Hair cells are mechanoreceptor-type cells with a bundle of cilia that respond to mechanical action. In invertebrates, whose cells are also often multiciliary in nature and presumably act as chemosensory and/or mechanosensory organs in Lophotrochozoa, mechanoreceptors are comparable to the apical organ48. Hair cells can act as primary sensory cells, which are specialized neurons with axons capable of perceiving stimuli and generating a nerve impulse, and secondary sensory cells that form synapses with sensory neurons transmitting impulses.

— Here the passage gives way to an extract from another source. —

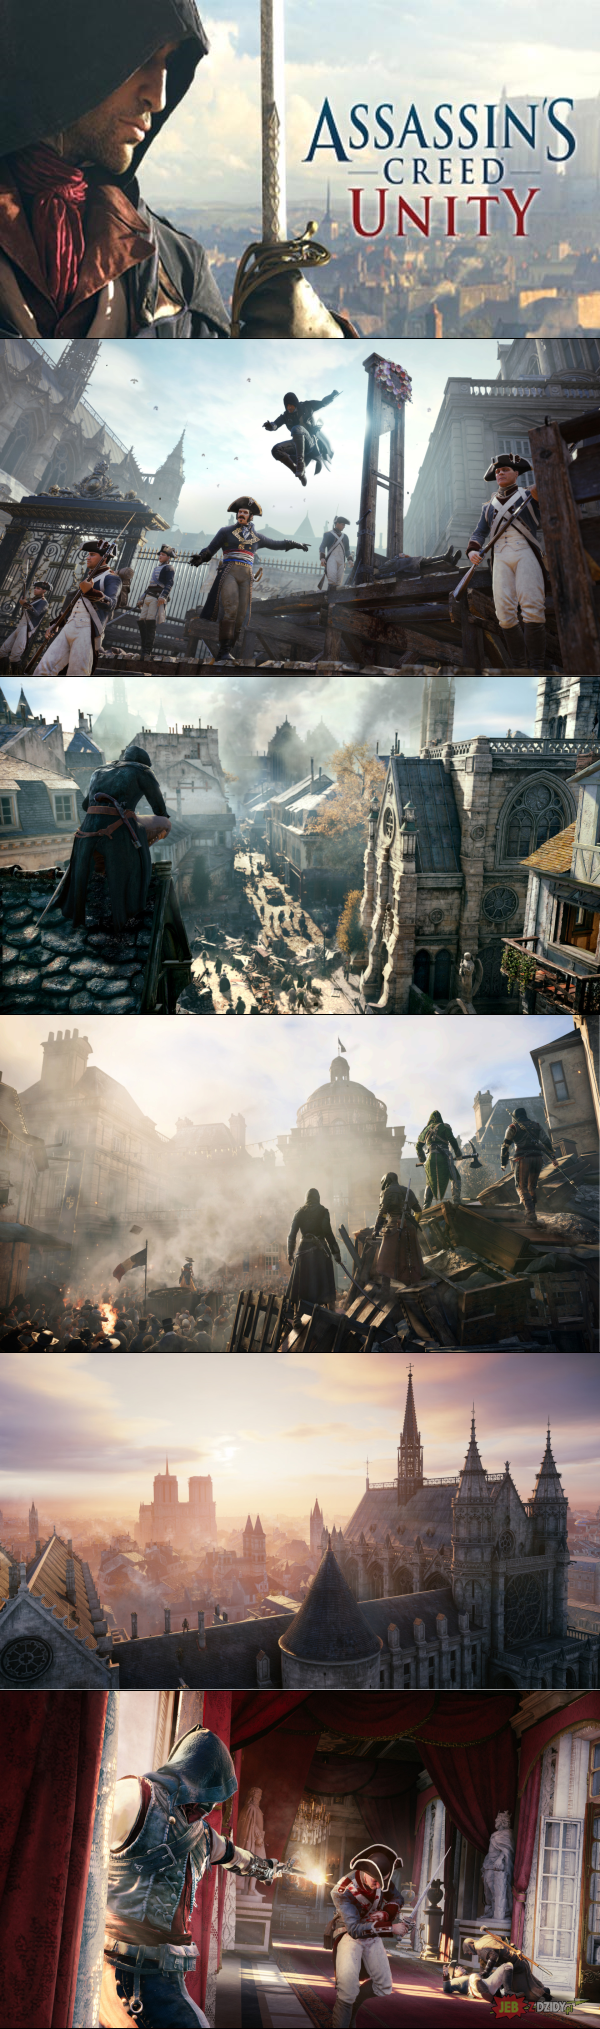 Assassin’s Creed Unity na PC za darmo w sklepie Ubisoftu

Larvae of marine mollusks (trochophores and veligers) have a multiciliary apical organ49,50, and larvae of freshwater mussel (glochidia) have sensory ciliated (hair) cells that develop from specialized ectodermal cells and contain several cilia in the larval mantle. The number and location of bundles of sensory hairs in the mantle of glochidia may be different; therefore, this feature may be suitable for the taxonomy of mollusks. For example, the bivalve mollusk Anodonta arcaeformis (Heude, 1877) (Unionidae, Anodontinae) has two types of ciliated cells in the larval mantle33. Interestingly, the cells of the first type have a bundle of protruding cilia, that presumably perceive chemical stimuli, in three isolated and highly specialized mantle cells18. The function of another type of cilia located on the posterior edge near the lateral pits remains unknown. Only two pairs of bundles of sensory hairs were identified in Margaritifera margaritifera (Linnaeus, 1758) and M. auricularia (Spengler, 1793) (Unionoidea, Margaritiferidae), rather than the four ones registered in the glochidial softbody of most other Unionoidea6,51,52.
Earlier, we showed that Nodularia douglasiae glochidium has four pairs of bundles of ciliated cells, wherein each glochidial valve has three bundles of sensory hairs densely located on the ventral edge near hooks and one bundle located more dorsally near the lateral pit40. We found very similar localization in Buldowskia suifunica glochidia, with three pairs of bundles of sensory hairs on the ventral edges of glochidial valves and one pair of bundles located more dorsally (Fig. 11a). These data are consistent with previously obtained morphological data on the structure and location of sensory hairs in Buldowskia glochidia from Korea, where each glochidial valve had three bundles of sensory hairs located close to the basal part of the hook and one bundle indicated near the adductor muscle at the larval thread canal33,35,53. It should be noted that the bundles of sensory hairs in the larvae of both species, N. douglasiae and B. suifunica, are connected with nonciliated cells (basal neurons), which have tubulin/FMRFamide immunoreactivity, that interact with other neurons through neurites (Fig. 11b, c). We have not detected an apical organ during the development of B. suifunica glochidia, even though this structure is present in most molluscan and other lophotrochozoan larvae42,44,49,50. The free-swimming larval stage of parasitic flatworms from Trematoda, miracidium larva, also does not have an apical organ54,55. It is likely that both types of larvae, glochidium and miracidium, are committed to finding a host in the aquatic environment, and the absence of an apical organ can be explained by a parasitic lifestyle at subsequent stages of development.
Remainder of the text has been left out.